As web search engines have improved over the years, there’s been less attention paid to an “inconvenient truth” about the indexes of our favorite information finding tools—namely, that search engines still miss the lion’s share of information available on the web. This so-called “deep web” remains largely impenetrable to search engines for a variety of reasons, and for many types of queries that’s just fine. But if you’re a serious searcher, looking for the best information possible, you can’t afford to overlook this vast “hidden” store of information.
And that’s a challenge, because search tools that probe the deep web are for the most part either obscure or fee-based. That’s changing, thanks to a company formerly known as Infovell and now called DeepDyve. The eponymous DeepDyve.com rolls out today with an innovative approach to finding invisible web content that, despite limited coverage at the outset, impressed me with both what it finds and the tools it offers to make the searching experience even richer.
DeepDyve’s approach is like no other I’ve seen. Its chief scientists come from a background in genomics research, rather than computer science or linguistics. Genomics researchers strive to decode the information contained in DNA to understand the very building-blocks of life. Unlike search engineers who focus on text and keywords, genomics researchers look at a billion three letter “words” spelled out in the four letter alphabet of DNA. These words are combined in “sequences” that determine everything from hair color to whether we’re predisposed to a particular disease. To crack these codes requires massive amounts of data and the ability to see—and understand—hidden patterns of immense complexity.
DeepDyve takes a similar approach to understanding information on the web. Going far beyond basic keyword-based search, DeepDyve indexes every word in a document, but also computes the factorial combination of words and phrases in the document and uses some industrial strength statistical techniques to assess the “informational impact” of these combinations.
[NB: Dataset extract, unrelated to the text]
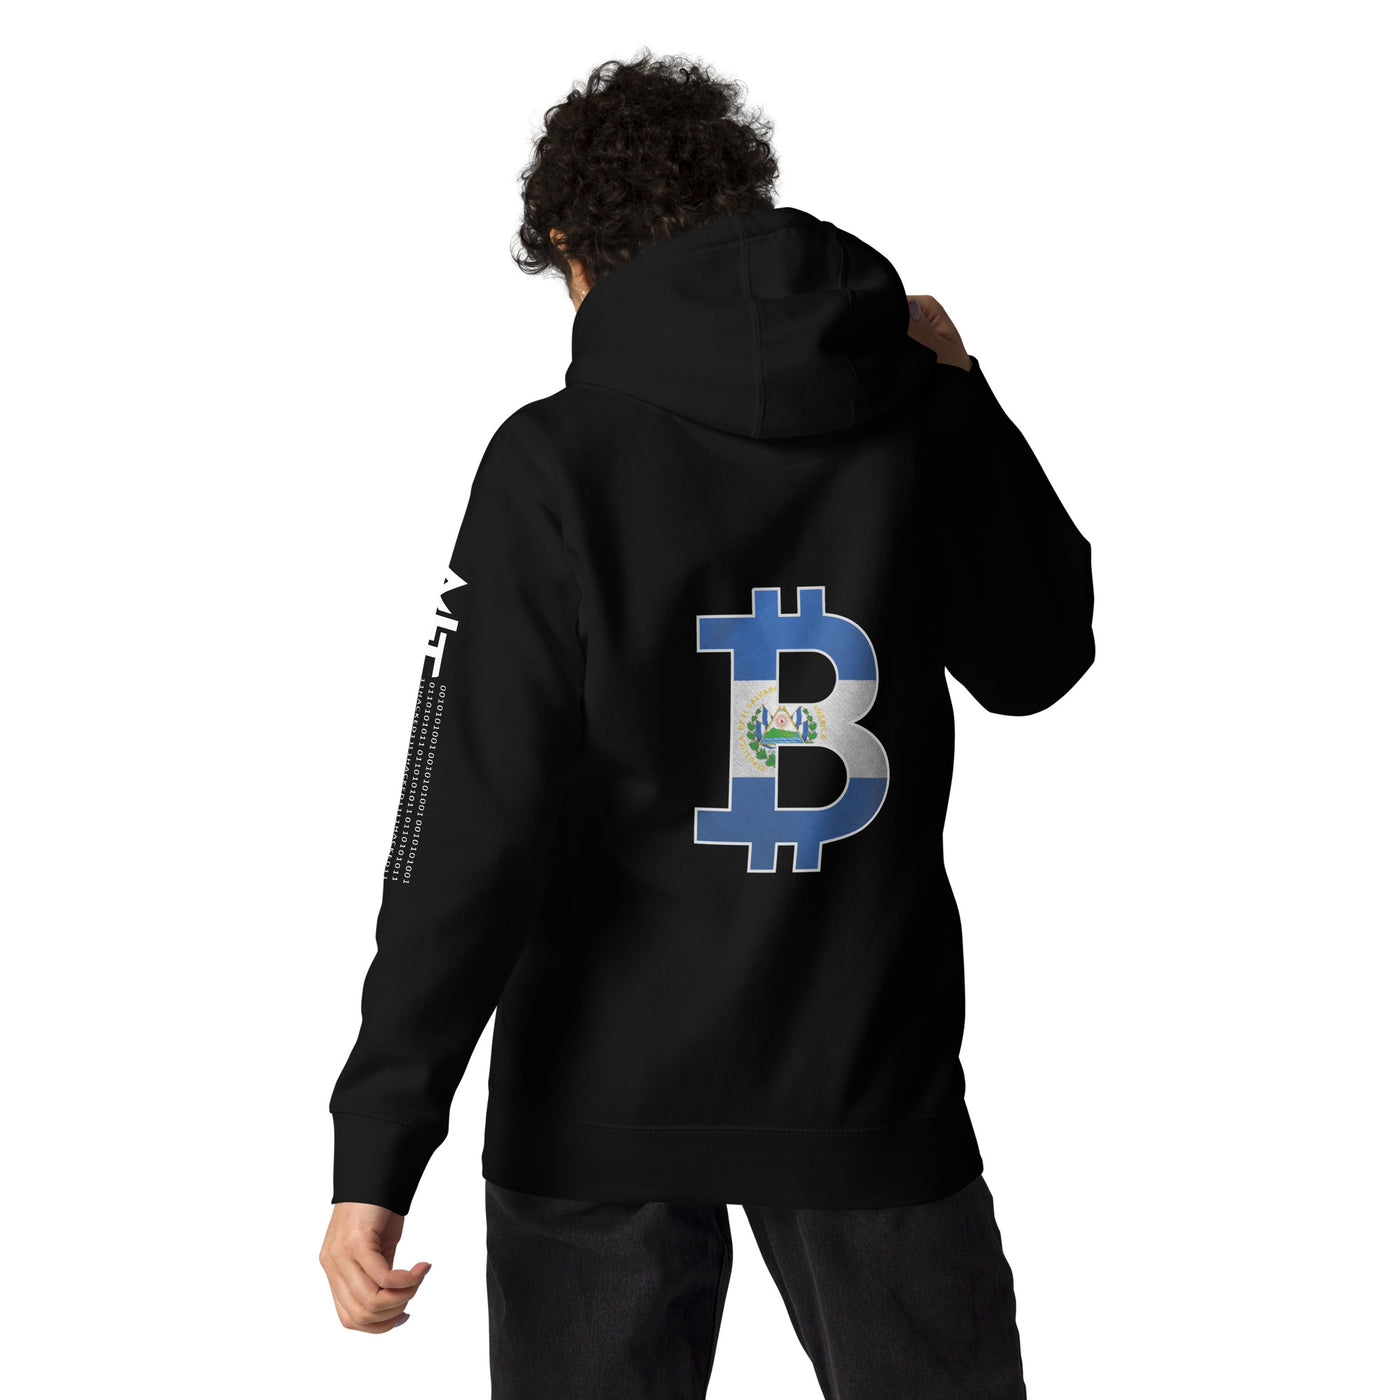 Blue Flag inside Bitcoin - Unisex Hoodie

In essence, this approach looks at the meaning of an entire document and uses that to compute relevance, rather than factors like snippets of text or anchor text in links pointing to documents.
It’s an interesting approach, and one that makes it easy to refine searches in a powerful way quickly and easily. “We think that search is going away from keywords toward where content is your query,” said William Park, DeepDyve’s CEO.
Today’s launch is relatively modest, with DeepDyve currently allowing searches in the areas of life sciences, patents and Wikipedia—about 500 million pages of deep web content (and arguably, Wikipedia isn’t really part of the deep web given its prominence in many Google, Microsoft and Yahoo search results, but that’s a minor quibble). Park says that the company is working hard to expand its coverage, adding physical sciences content in the areas of information technology, clean technology and energy, doubling DeepDyve’s index by year end.
The company also offers a premium version for $45 per month, with some nifty features like a “more like this” button that uses the full-text of a document as a query, with some pretty impressive results.
DeepDyve isn’t a threat to Google now or likely any time in the future. Instead, it’s a great tool for serious searchers wanting to do comprehensive research in the content areas that DeepDyve covers (it’s also, much like Powerset, a vastly more powerful way to search Wikipedia). DeepDyve also offers a genuinely different “second opinion” of the web if you’re wanting to look beyond the top results returned by Google and the other major search engines.
With its limited initial offering, DeepDyve has just scratched the surface of what’s available on the invisible web, albeit in a very useful way. However, truly cracking the invisible web problem still seems like a distant dream.